Order at the Border

This past week the Supreme Court of the United States (SCOTUS) issued a ruling in Riley v. California that dares to uphold the remains of a much abused 4th Amendment. The court ruled that the police may not search the cellphone of someone placed under arrest (often for offenses as trivial as “disobeying a lawful order” or “disorderly conduct”) without first having obtained a search warrant. In the digital age the principal of good design “form follows function” no longer is guaranteed. Digital function is not deducible from physical form; the sublime masks astounding capabilities. The contention was that since traditional wallets can be searched it must follow that anything approximately the same size as a wallet can be searched. A cellphone and a wallet may be comparable in size but that is where the similarities end. The rules that allow the police to search a defendant after an arrest dictate a limited spatial area (typically directly under the suspect’s direct control e.g. a car). So at first blush it might seem that if a cellphone is within that area it is fair game. But that analysis ignores the ways in which technology can redefine notions of spatiality. Cellphones (or the “smart” ones anyway) are not mere digital copies of the old-fashion wallet. They are but a keyhole onto a warehouse of information. Packed into these devices is the equivalent of what formerly would have been contained in ones home years ago; in essence they do indeed house ones “papers, and effects” which the 4th Amendment specifically protects from warrantless searches. Chief Justice John Roberts summarized this idea in his ruling:

 “With all they contain and all they may reveal, they hold for many Americans ‘the privacies of life.’ The fact that technology now allows an individual to carry such information in his hand does not make the information any less worthy of the protection for which the Founders fought. …Our answer to the question of what police must do before searching a cellphone seized incident to an arrest is accordingly simple—get a warrant.”

 

However, as heartening as this decision might be, there still remains today an egregious violation of basic 4th Amendment rights that has time and again been upheld but the SCOTUS: border searches. In the court’s opinion (United States v. Ramsey (1977)) searches made at the border are de facto reasonable because they occur at the border and thus is any conflict with the 4th Amendment extinguished with a mere definitional twist. Border searches do not require suspicion nor a warrant; anything and everything may be legally searched and confiscated for no other reason than that one is crossing an imaginary line.

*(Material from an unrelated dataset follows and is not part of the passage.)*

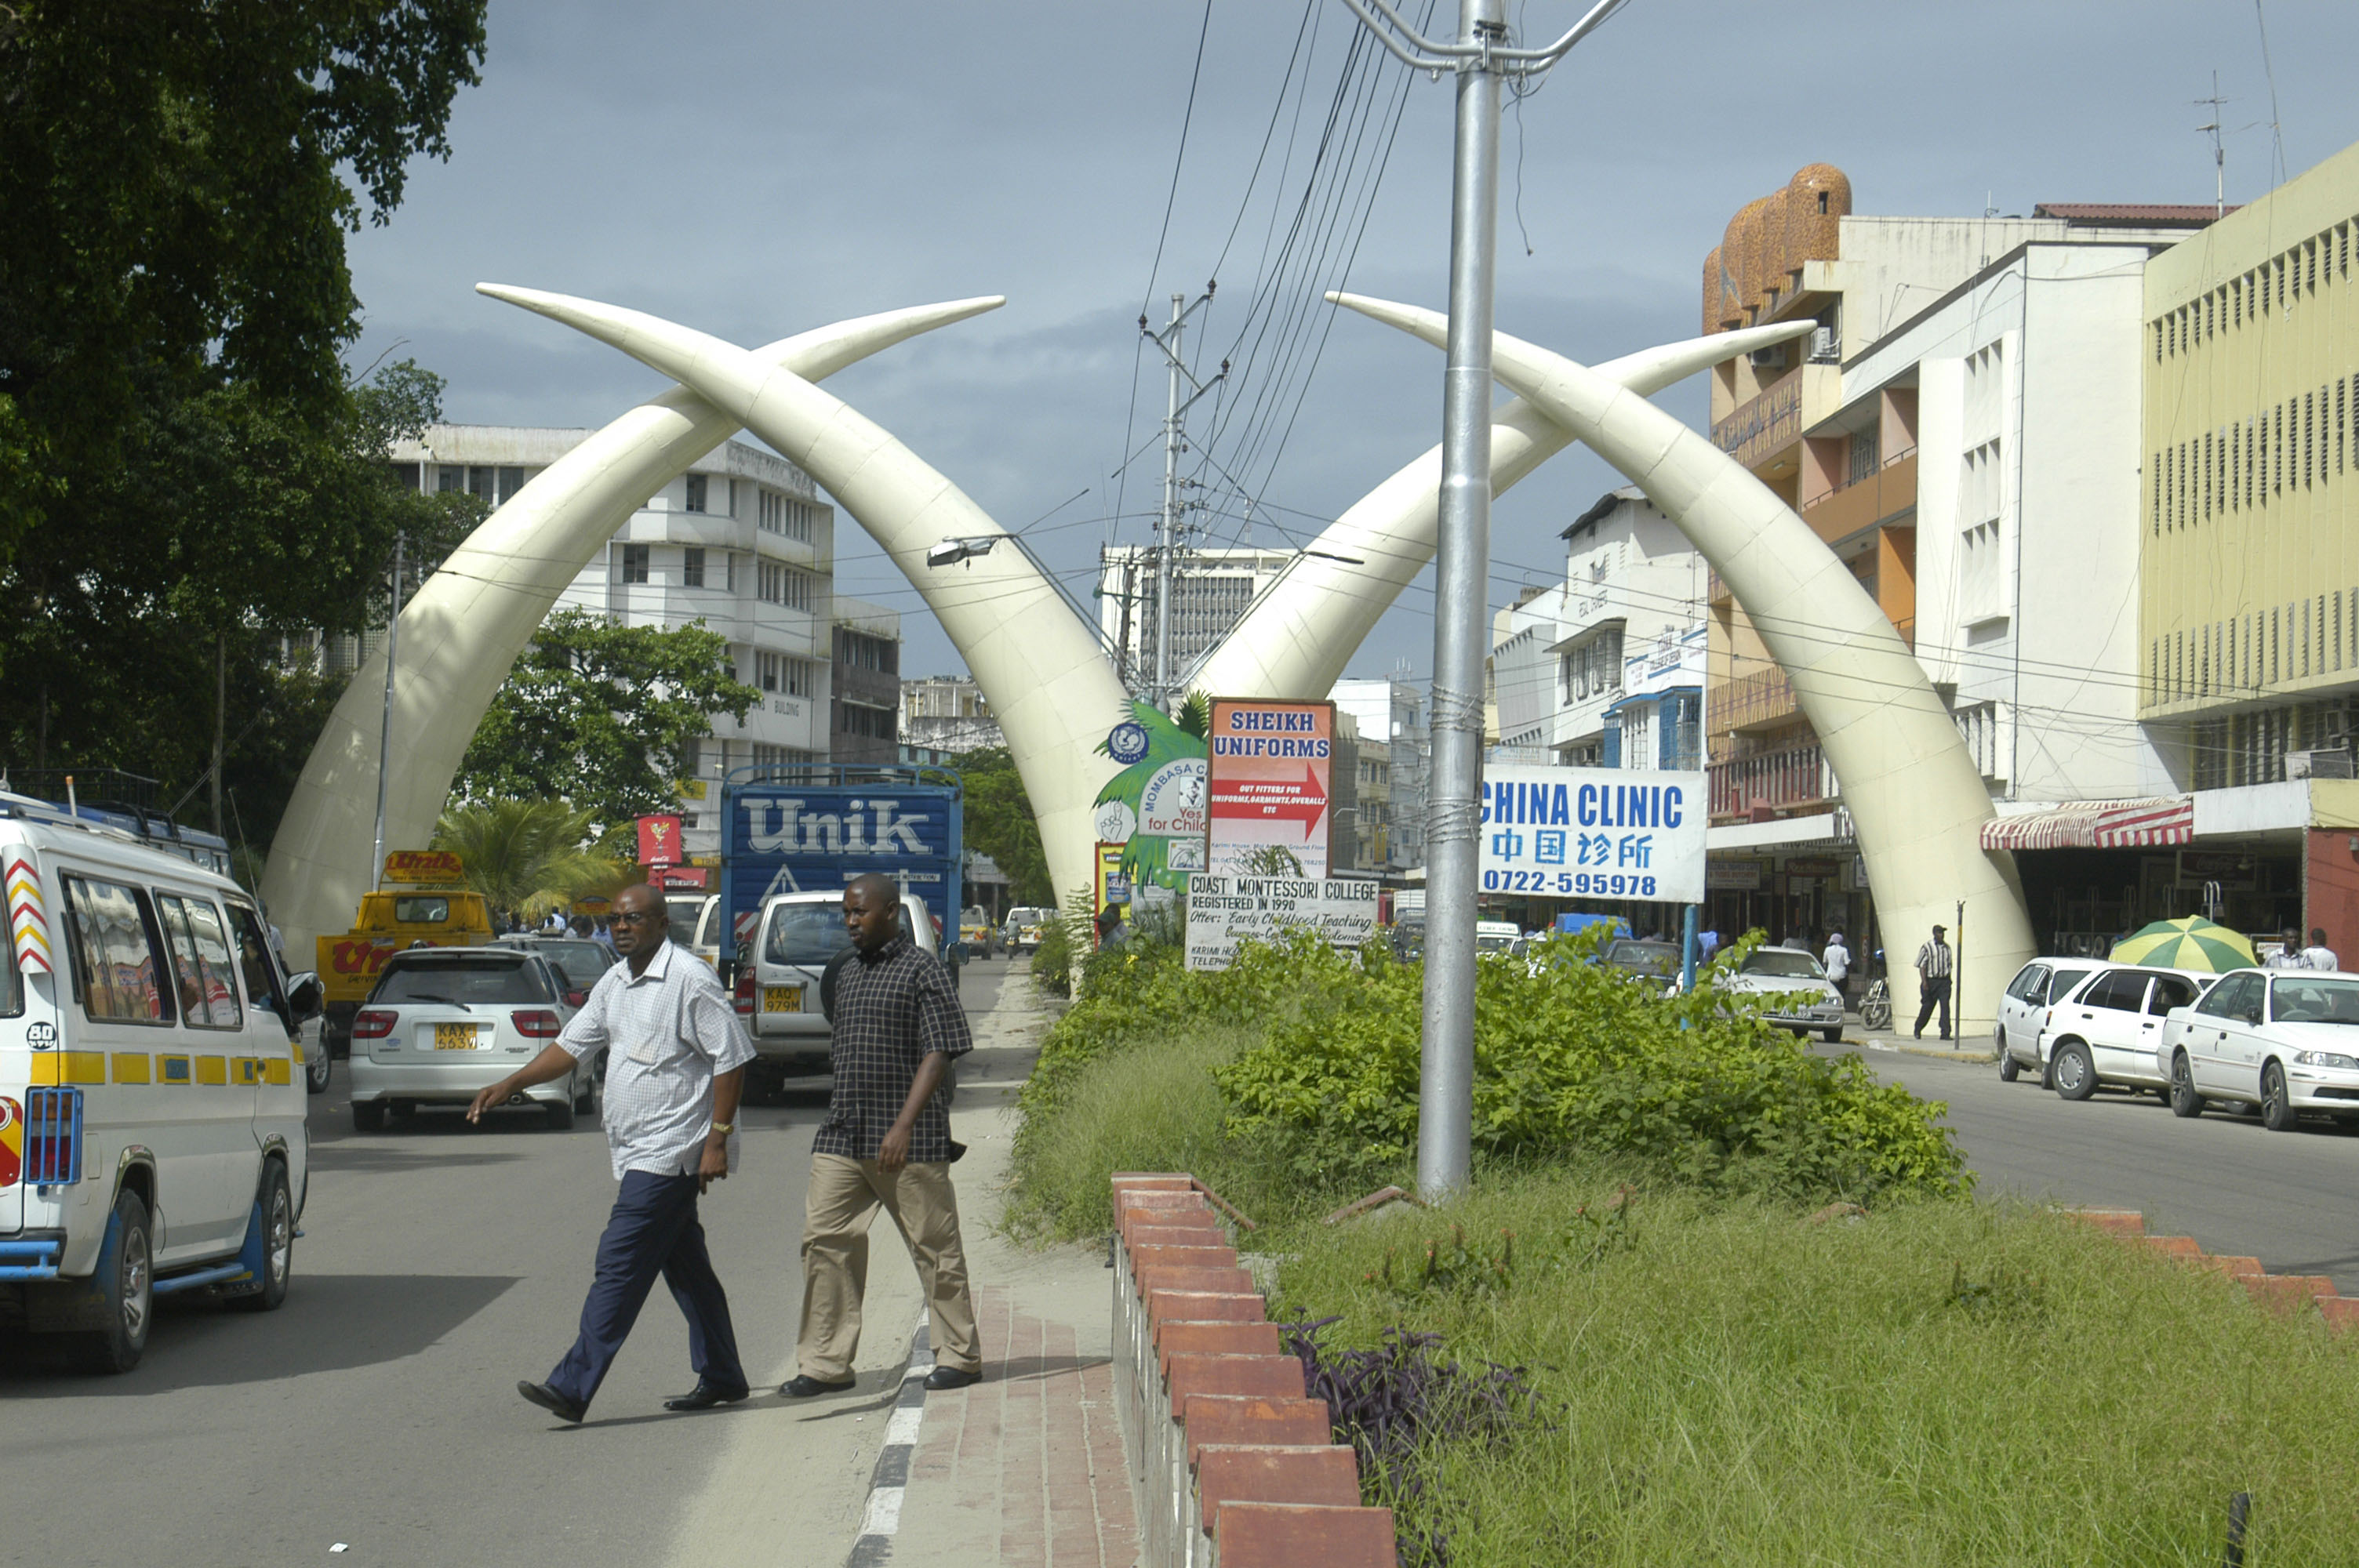 Resultado de imagem para mombasa kenya
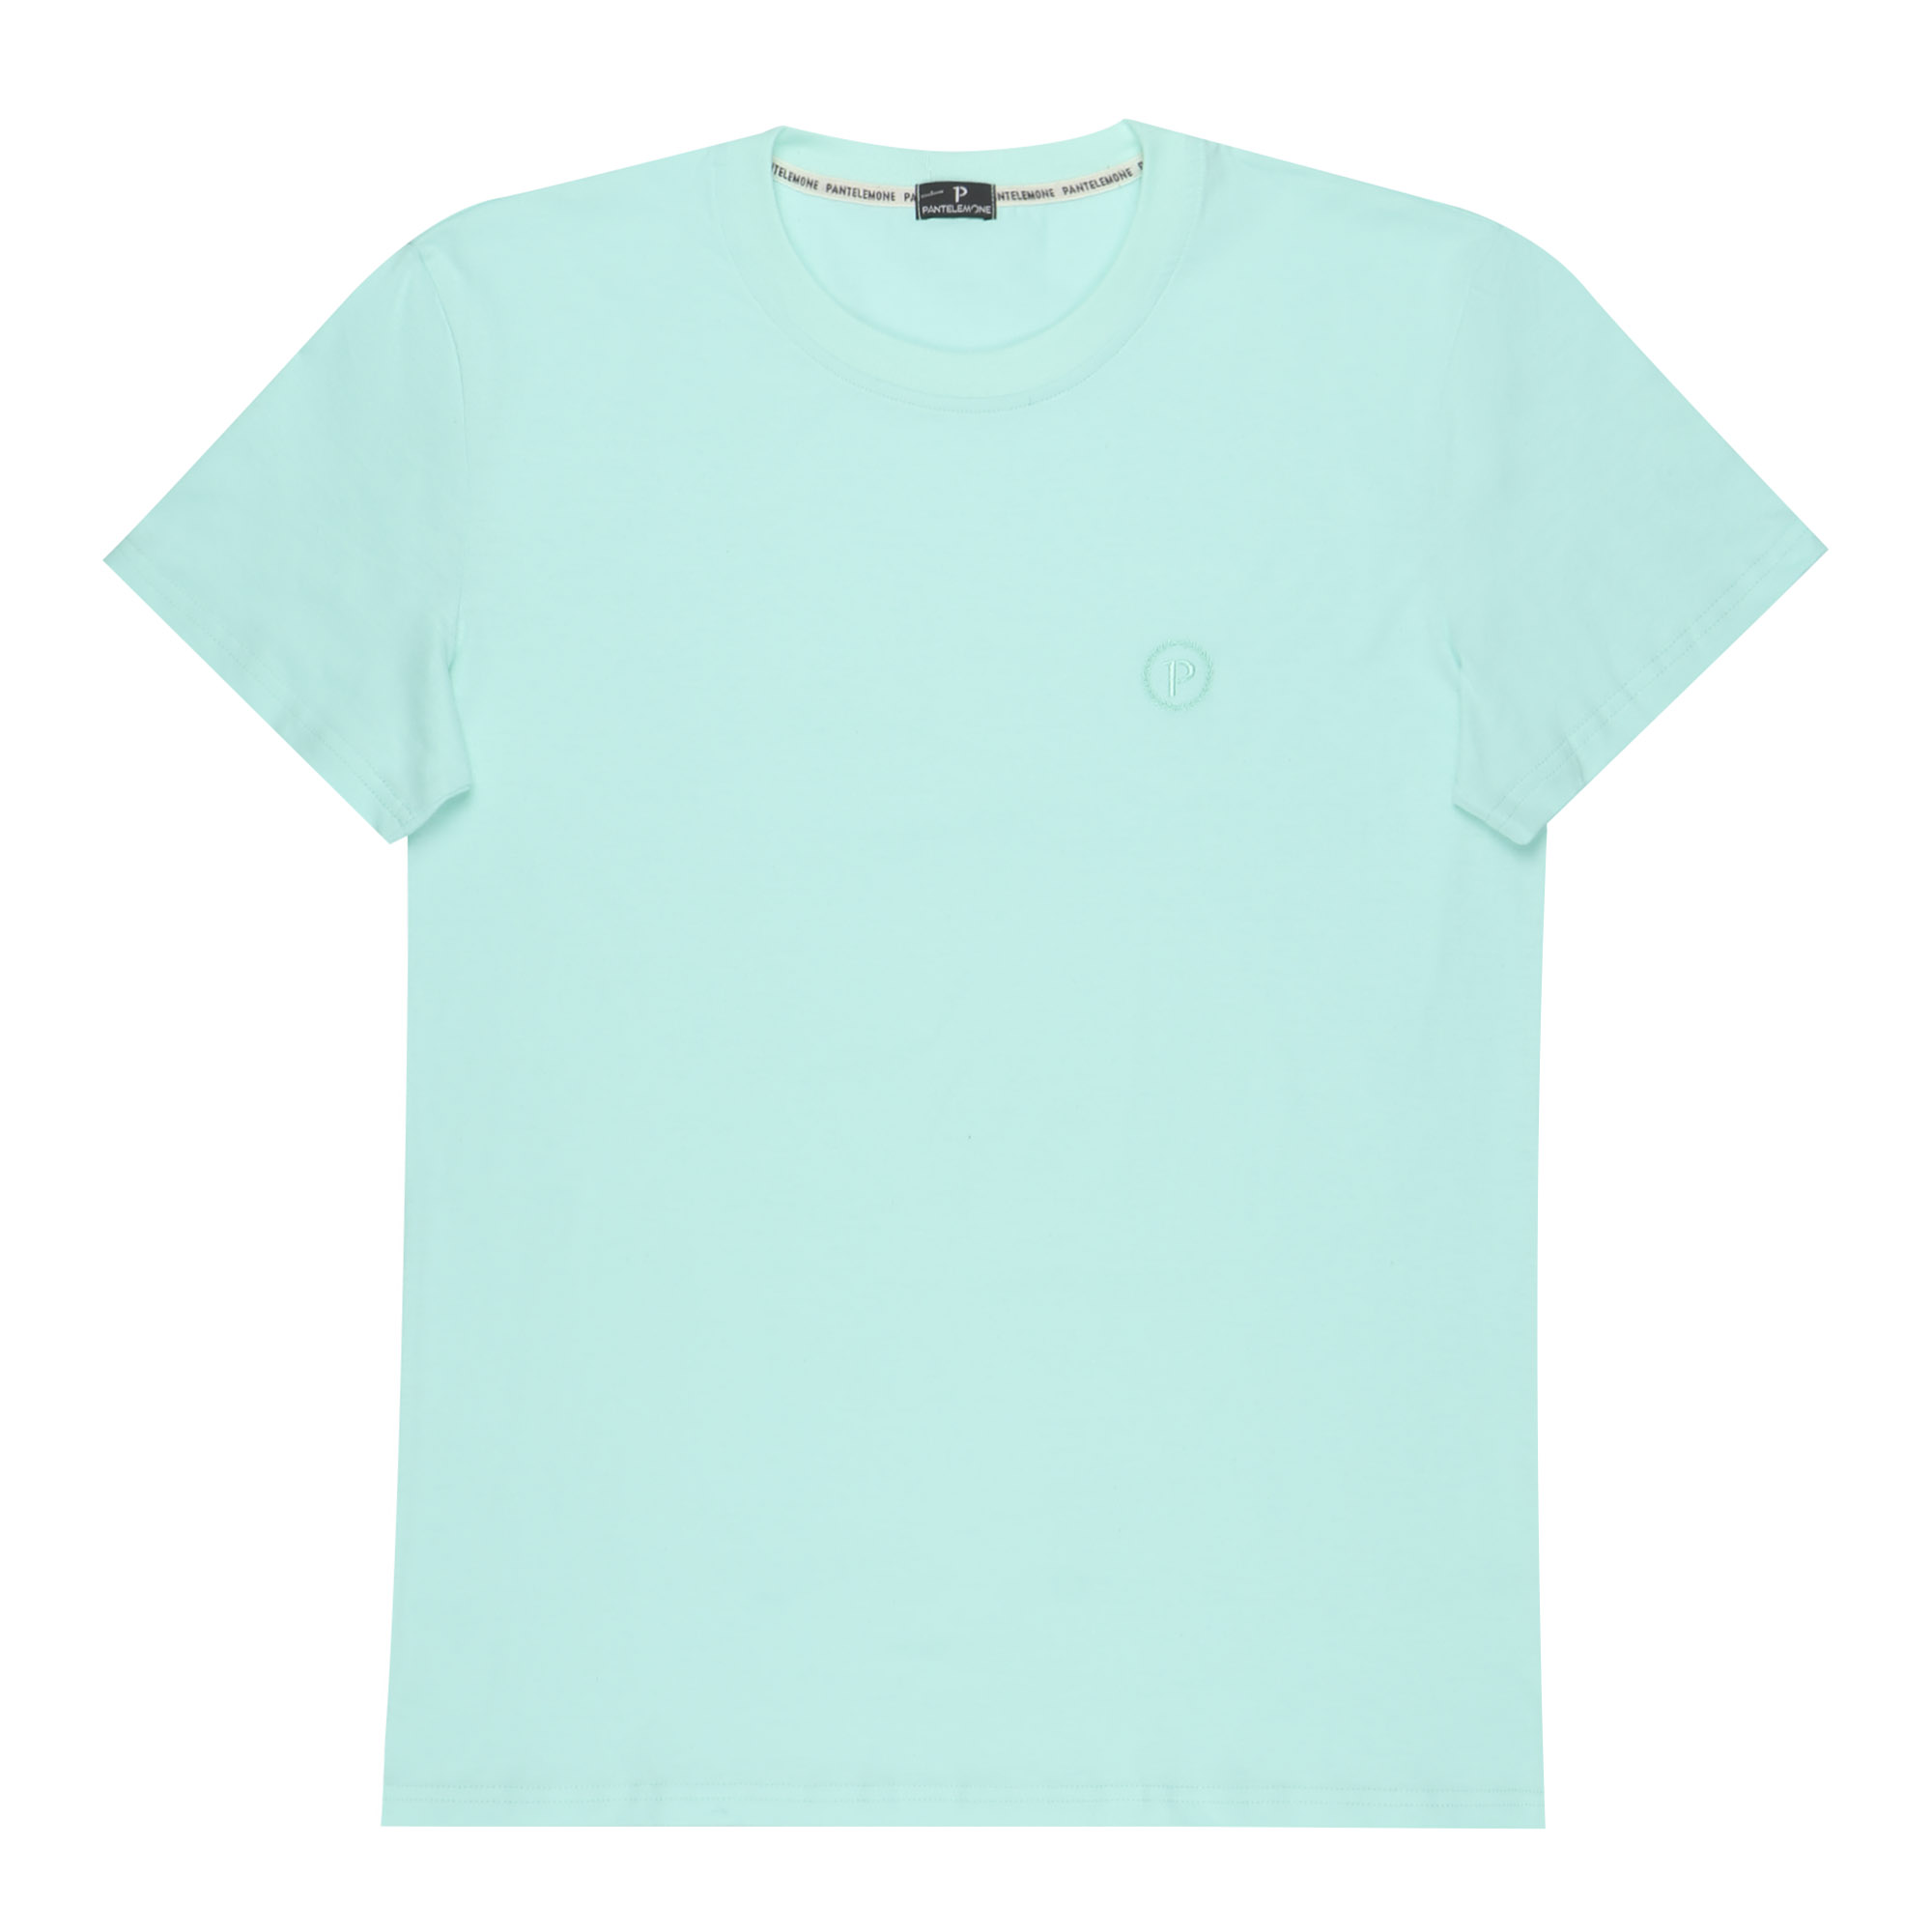 Мужская футболка Pantelemone MF-913 50 ментоловая, цвет ментоловый, размер 50 - фото 1

Even if one is inclined to believe that such border searches are necessary to keep out criminals and “illegals,” what may surprise you to learn is that the “border” is defined as 100 miles inland from the actual border (aka a “Constitution Free Zone” that encompasses two-thirds of the US population). What that means is that anyone, anywhere within 100 miles of a US border may be legally detained and searched for no reason at all by the DHS or ICE goon squads. They may seize electronic devices (phones, laptops), copy them wholesale, return them, and then rummage through one’s personal information at their leisure. That this does not currently happen routinely is small comfort; there is not a single barrier to the legality of such behavior. If you are within 100 miles of the border you are fair game. You may think you have nothing to hide, but do you really want total strangers looking at your photos and reading your emails? Secondarily, there is nothing objective about the 100-mile value – it could be changed to whatever arbitrary value our wise overlords deem necessary to maintain, “order at the border.” We are just one crisis away from a 250 or 500 mile border zone.

So while we may applaud the SCOTUS for their recent affirmation of 4th amendment protections, let us not forget to jeer them when they continue to permit those same protections to vanish at the border.